MICA homes in Donegal : ‘If our house has to be tossed, where are we going to live?’
Chrissy and Alan McCandless were ‘delighted’ when they were granted planning permission fora house extension that would hugely benefit their eldest daughter, Ruby.
Ruby (15) has spastic quadriplegic cerebral palsy, needs 24 hour care and uses a power wheelchair, so the extra space would have made a huge difference to the day to day life of her and her family.
However, the extension, along with other plans, is now in limbo, as their Gleneely home has been found to have mica. Chrissy said: “We wanted to make Ruby’s room bigger, as she doesn’t have much space, as well as put in a wet room and a carer’s room. It was to make it more accessible for her and to make life easier for her. We got the planning through, which was brilliant, but how can we start building on to a house that is full of mica?”
Chrissy, who also has Ronan (7) and Katie (2), told how the extension was needed ‘yesterday’ and she ‘doesn’t even want to think’ about when they might be able to build it.
The family moved into their home in July 2008. Last summer, they noticed cracking, but Chrissy said they debated over whether it was mica. By Halloween, they knew the answer as ‘so many’ cracks began to appear.
Testing in April confirmed it and the family is awaiting further results to determine their next step. If the house has to be demolished, they will not simply be able to move into a mobile home or other house, as wherever they live needs to be adapted for Ruby. “If our house has to be tossed, where are we going to live? Where is going to be suitable for our family needs? Where are we going to get another house that is accessible?”

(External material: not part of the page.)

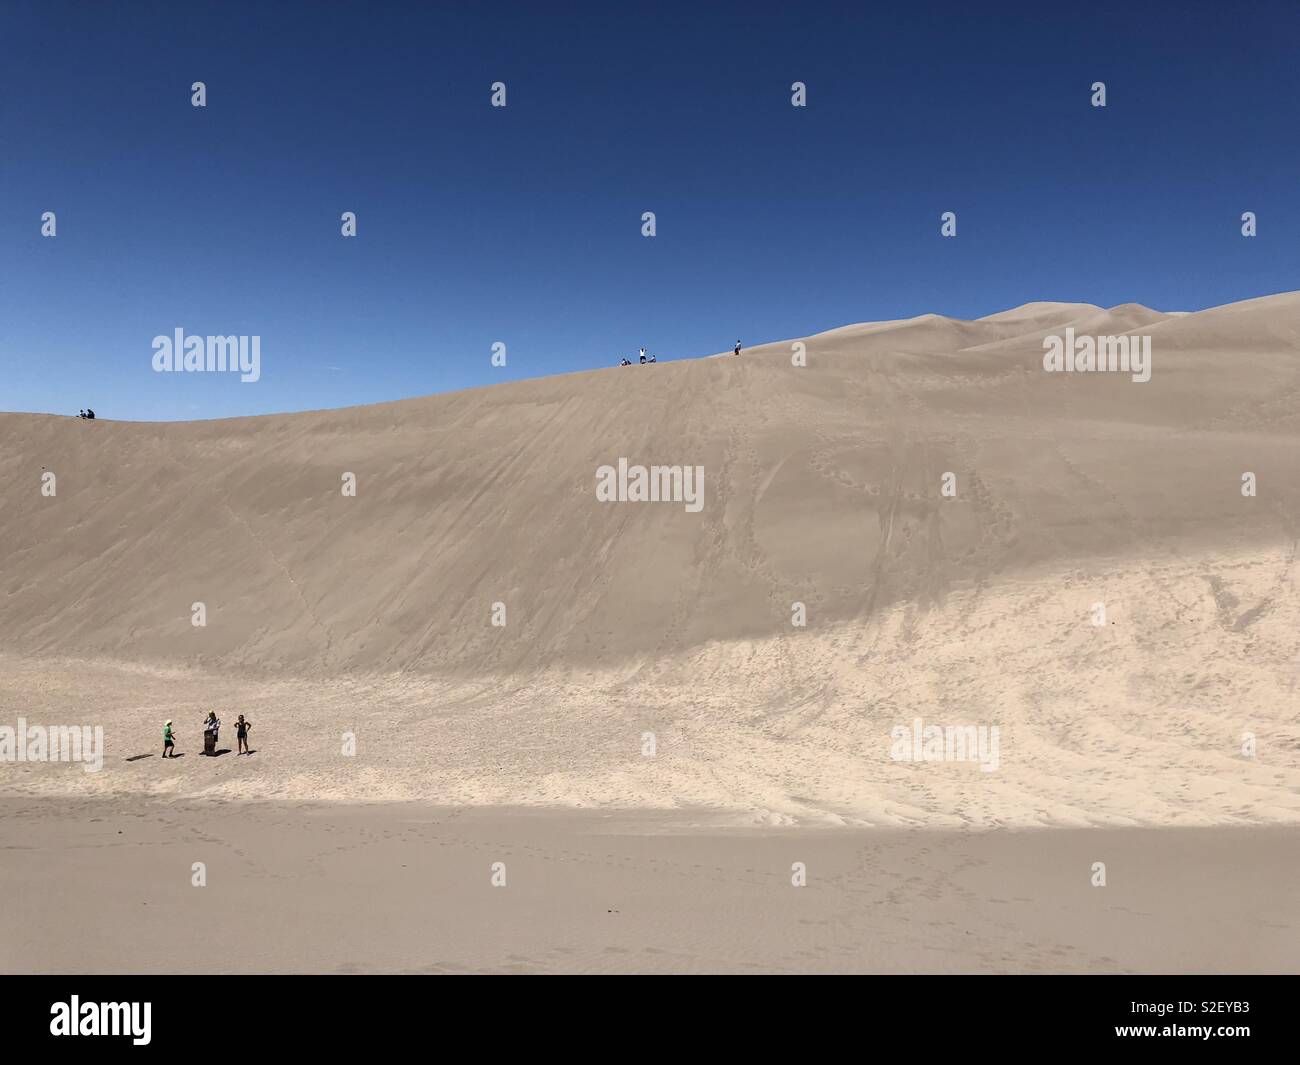 Besucher Great Sand Dunes National Park in Colorado Wanderung durch den größten Sanddünen in den Vereinigten Staaten. Besucher können Schlitten mieten, Sand und sand Boards die Dünen hinunter bis zu 35 mph zu schieben. Stockfoto

Chrissy said she doesn’t believe the government has even considered how many families are facing these questions and told how a home is supposed to be a safe space.’ “I don’t think my case is worse than anyone else. But being a parent is stressful enough and that is part and parcel of becoming a parent. But, when you become a parent of a child with special needs it becomes extra stressful with everything that comes along. Our house is meant to be our safe place, where you can come back and just chill on a day to day basis - but at the minute its not. I don’t feel it and I find it hard to look at.

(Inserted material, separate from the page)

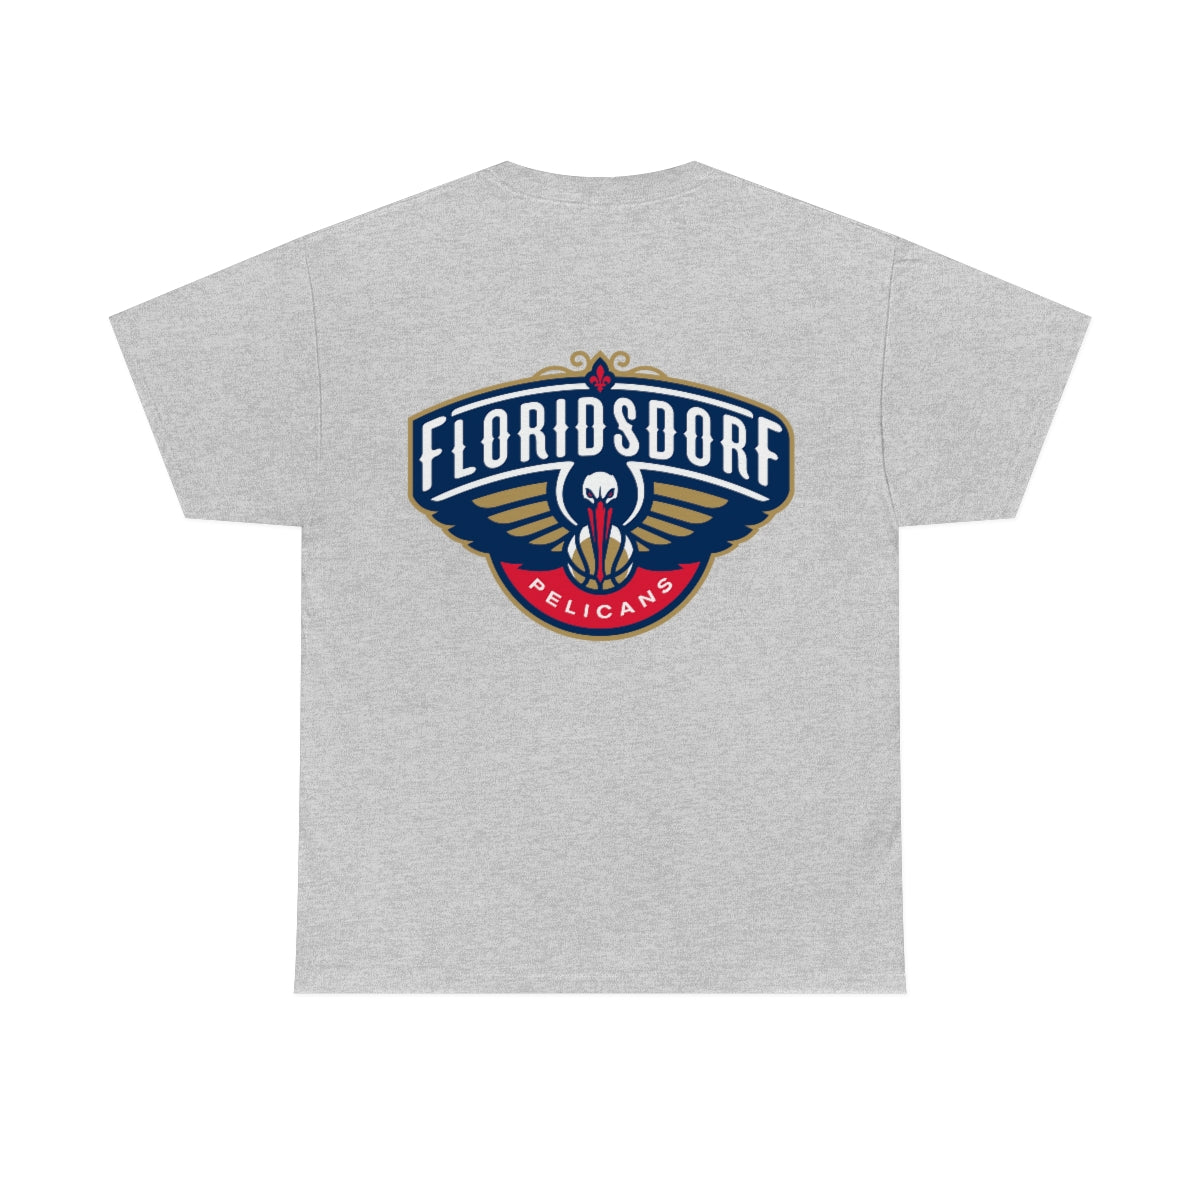 Hoodz T-shirt - 1210 Floridsdorf

“I feel like, before Covid, when you went to Dublin or Letterkenny for appointments, which can be really tough, you’d think how you couldn’t wait to get home to the house. But now, you don’t have the security or feeling of safety anymore.”
Like many others, Chrissy talks about being one of the ‘lucky ones’ in that her home isn’t falling down as yet, but as issues with the scheme roll on, the cracks will begin to get worse. “The way the government is forcing some people to live is horrific,” she added.
“We need our energy and strength to care for Ruby and our other two and not use it to be fighting with government to get them to fix our houses that we already paid for.”
Chrissy told how she and Alan try not to speak about the issue too much in front of the children, as she believes they ‘wouldn’t sleep at night’ if they understood its implications. However, such is its prevalence in Inishowen, they are hearing about it at school and Ronan has spoken about cracks in the house. Chrissy told how she felt ‘physically sick’ when it occurred to her that Ruby’s overhead hoist is mounted to the walls. “Where are our government? You just want to tell them to wake up.”